Chi guadagna di più? I liberi professionisti

Se si guarda alle categorie, il reddito medio più elevato è quello dichiarato dai lavoratori autonomi, che sfiora i 70.360 euro, seguito dagli imprenditori individuali (29.250 euro). I lavoratori dipendenti dichiarano in media 23.290 euro, i pensionati 21.260. Ma attenzione: i redditi dei dipendenti sono calcolati al netto dei contributi, mentre per autonomi e imprenditori sono al lordo, con una media di oltre 10mila euro in contributi figurativi che non emergono nei totali ufficiali.

Un fisco da riformare

I dati 2023 confermano: il sistema fiscale italiano è sbilanciato.
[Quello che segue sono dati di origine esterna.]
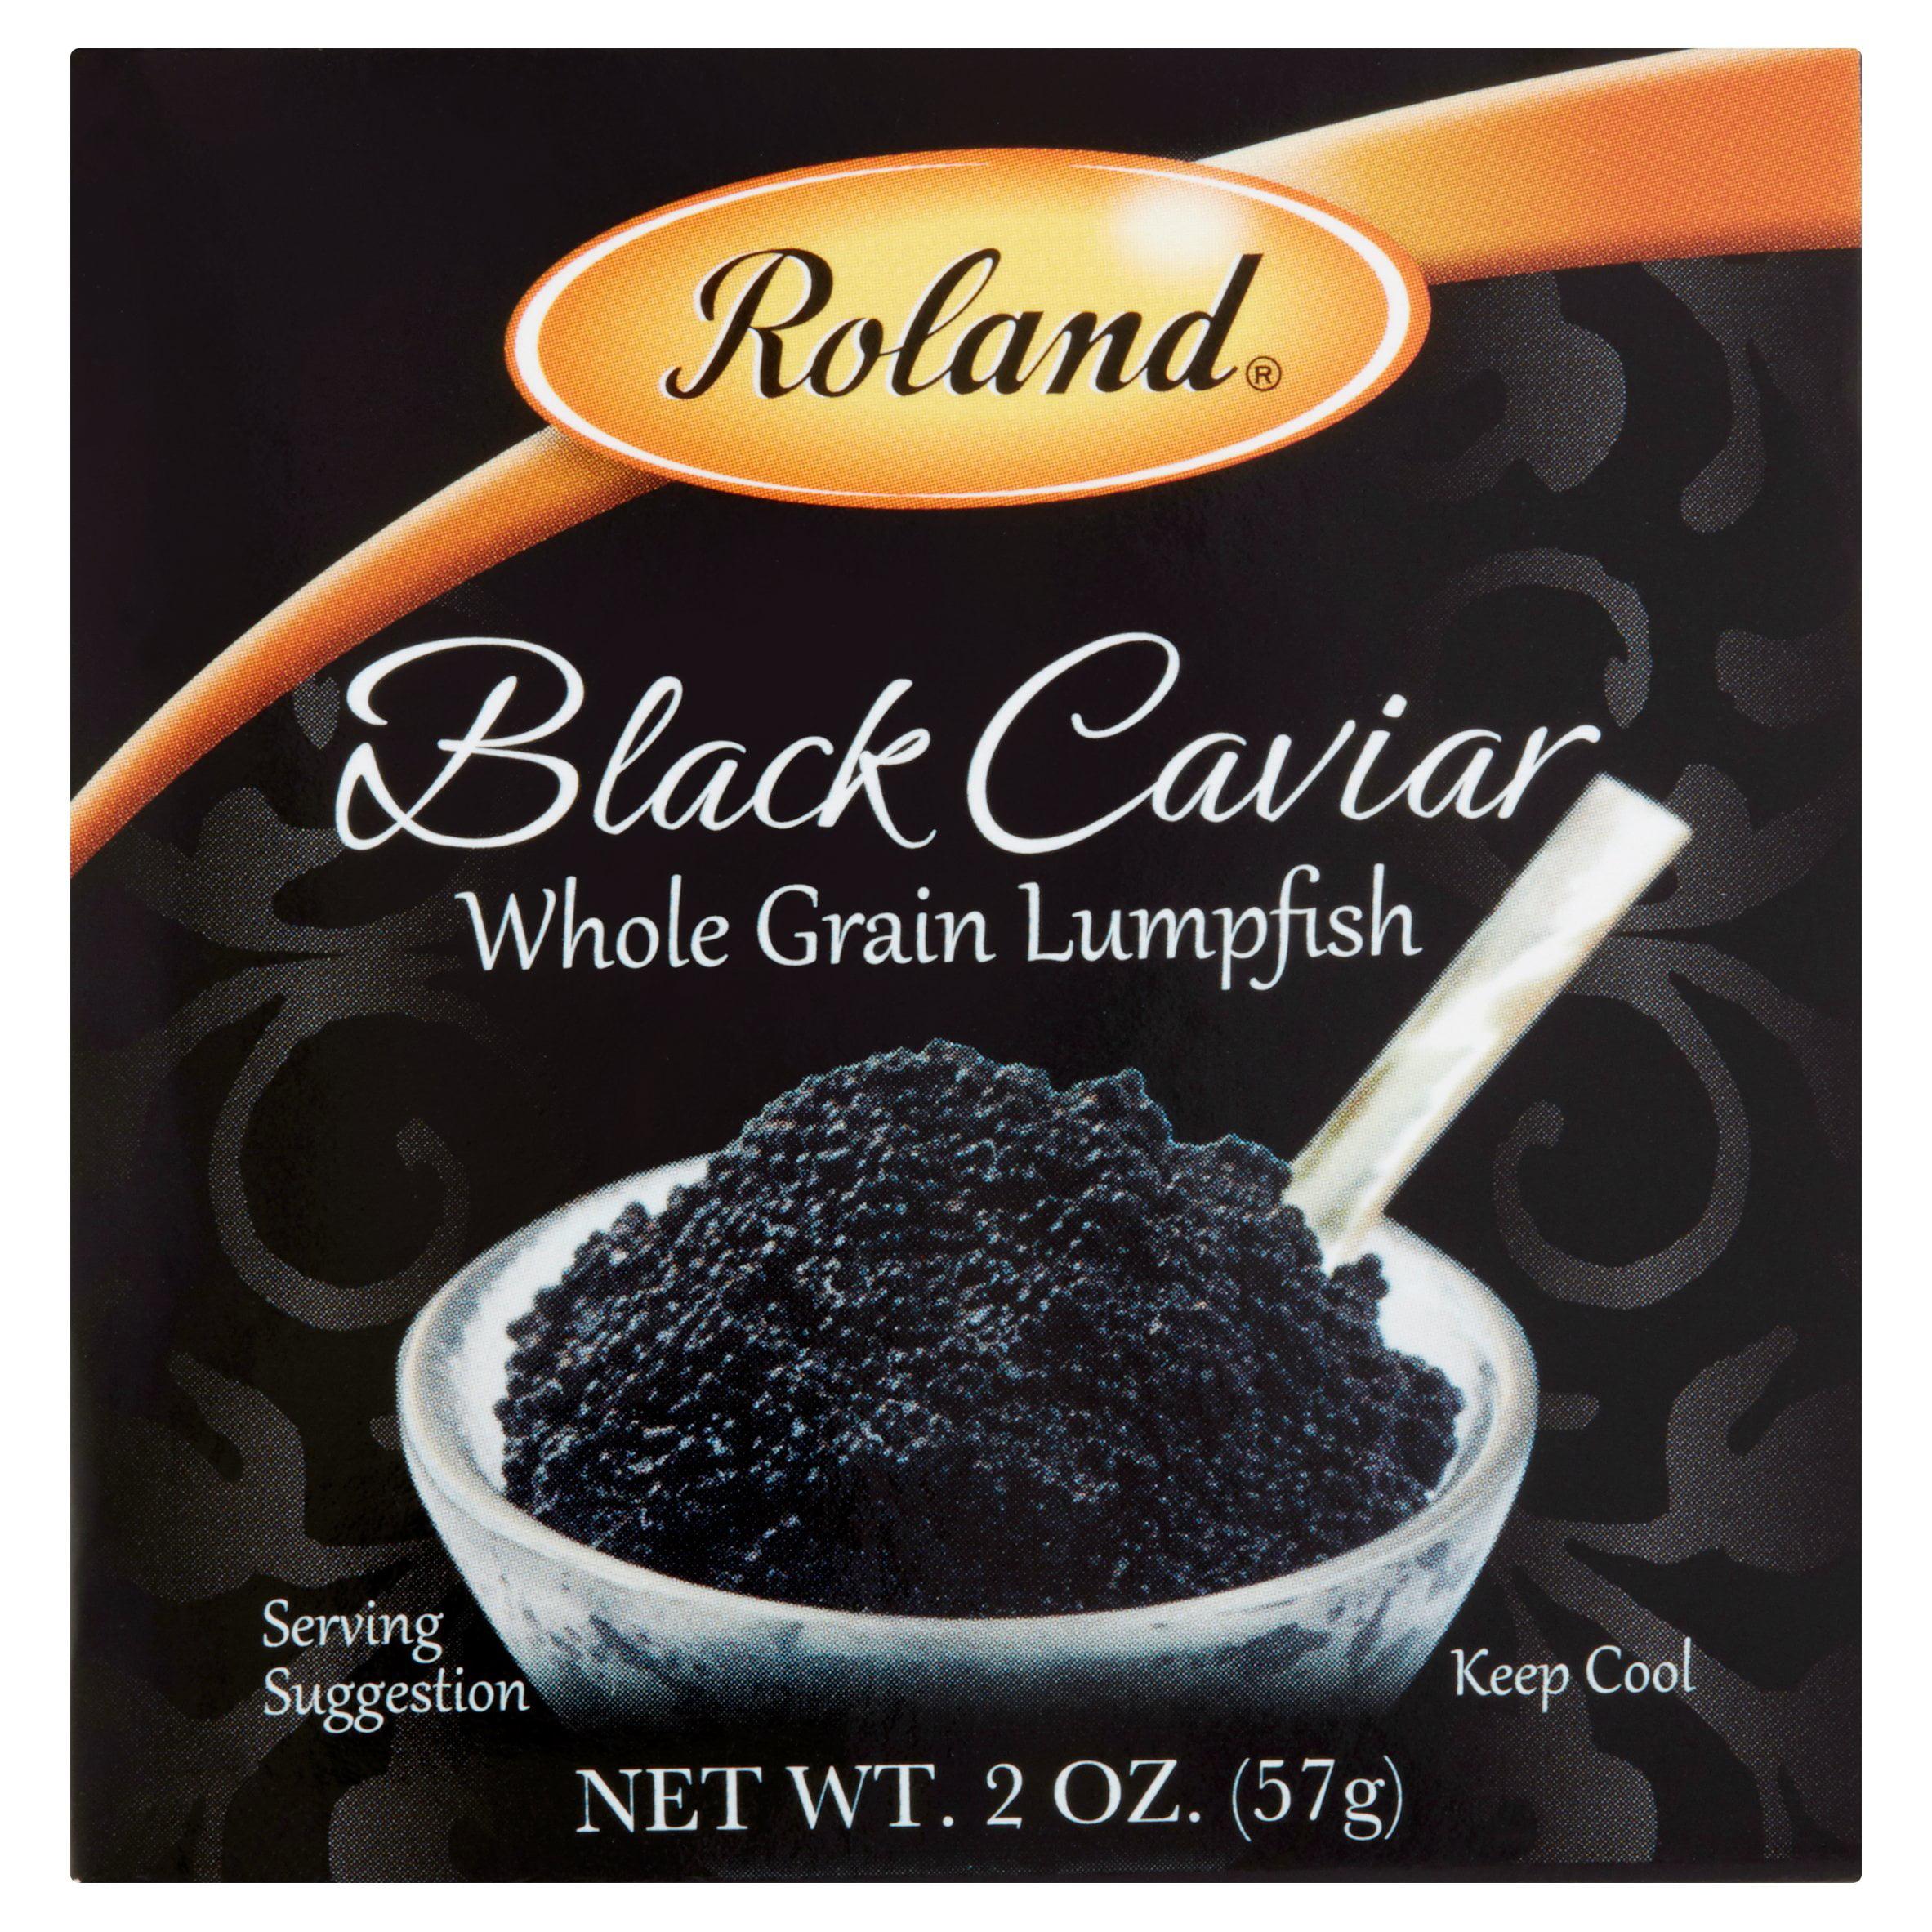 Roland Black Caviar Whole Grain Lumpfish, 2 oz by American Roland Food Corp.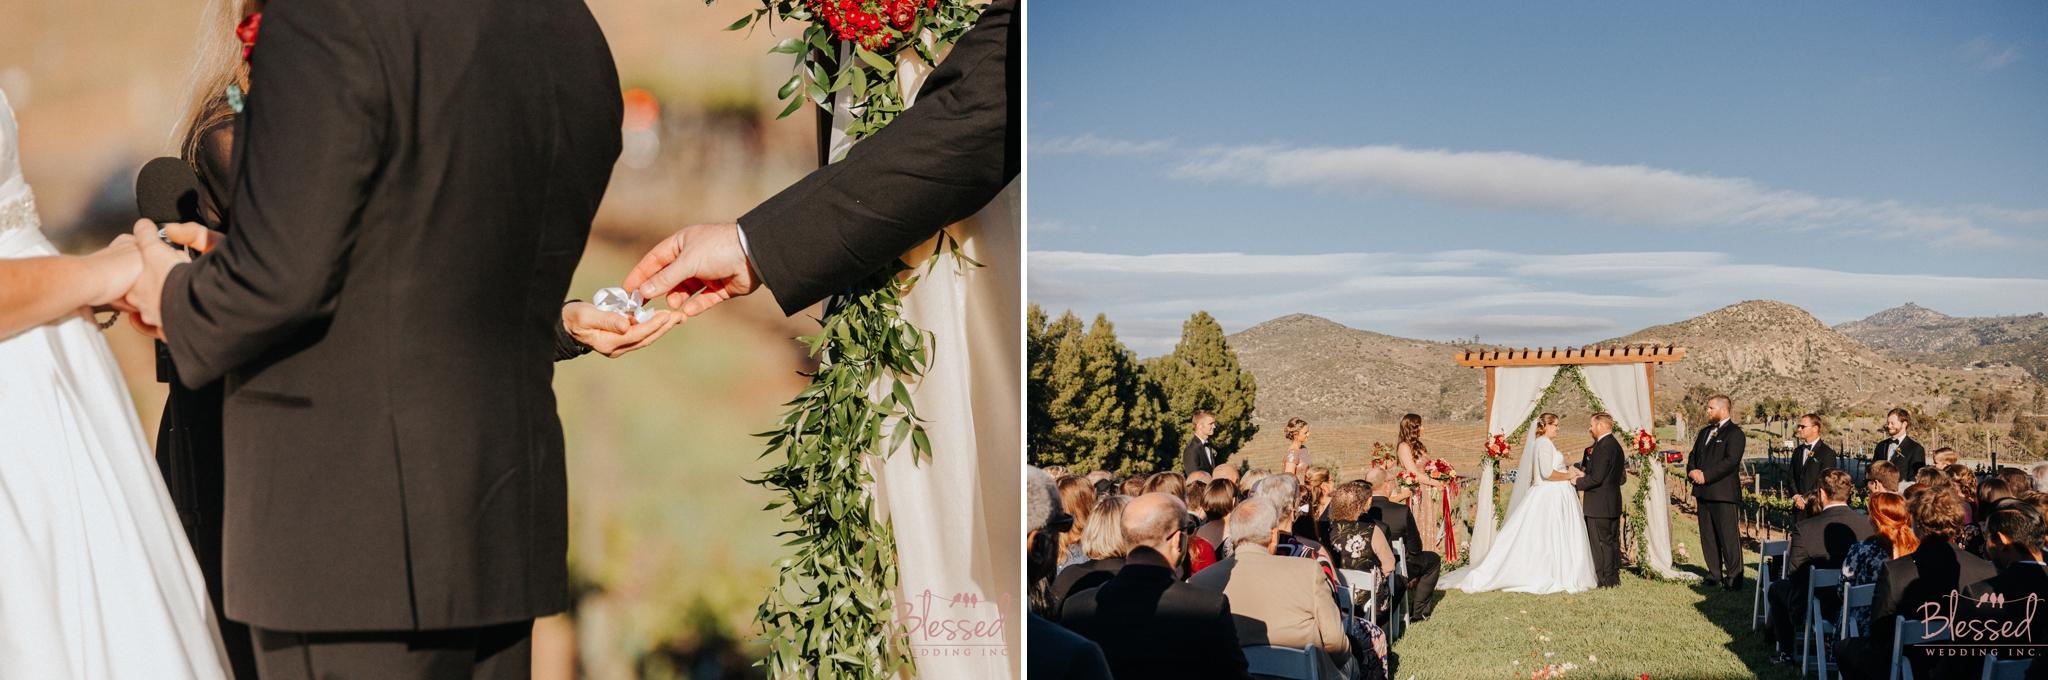 Orfila Vinery Wedding Temecula Wedding Photographer 18.jpg

Poche persone, con redditi medio-alti, sostengono la gran parte dell’Irpef, mentre evasione e disuguaglianze territoriali continuano a penalizzare l’equità del sistema. Una riforma strutturale, che preveda l’abbassamento tout court dell’Irpef obbligando i contribuenti a pagare previdenza e sanità per conto proprio (non mettendole sul groppone di chi porta avanti la propria impresa con sacrificio o di chi, semplicemente, guadagna di più per merito professionale), resta più che mai urgente.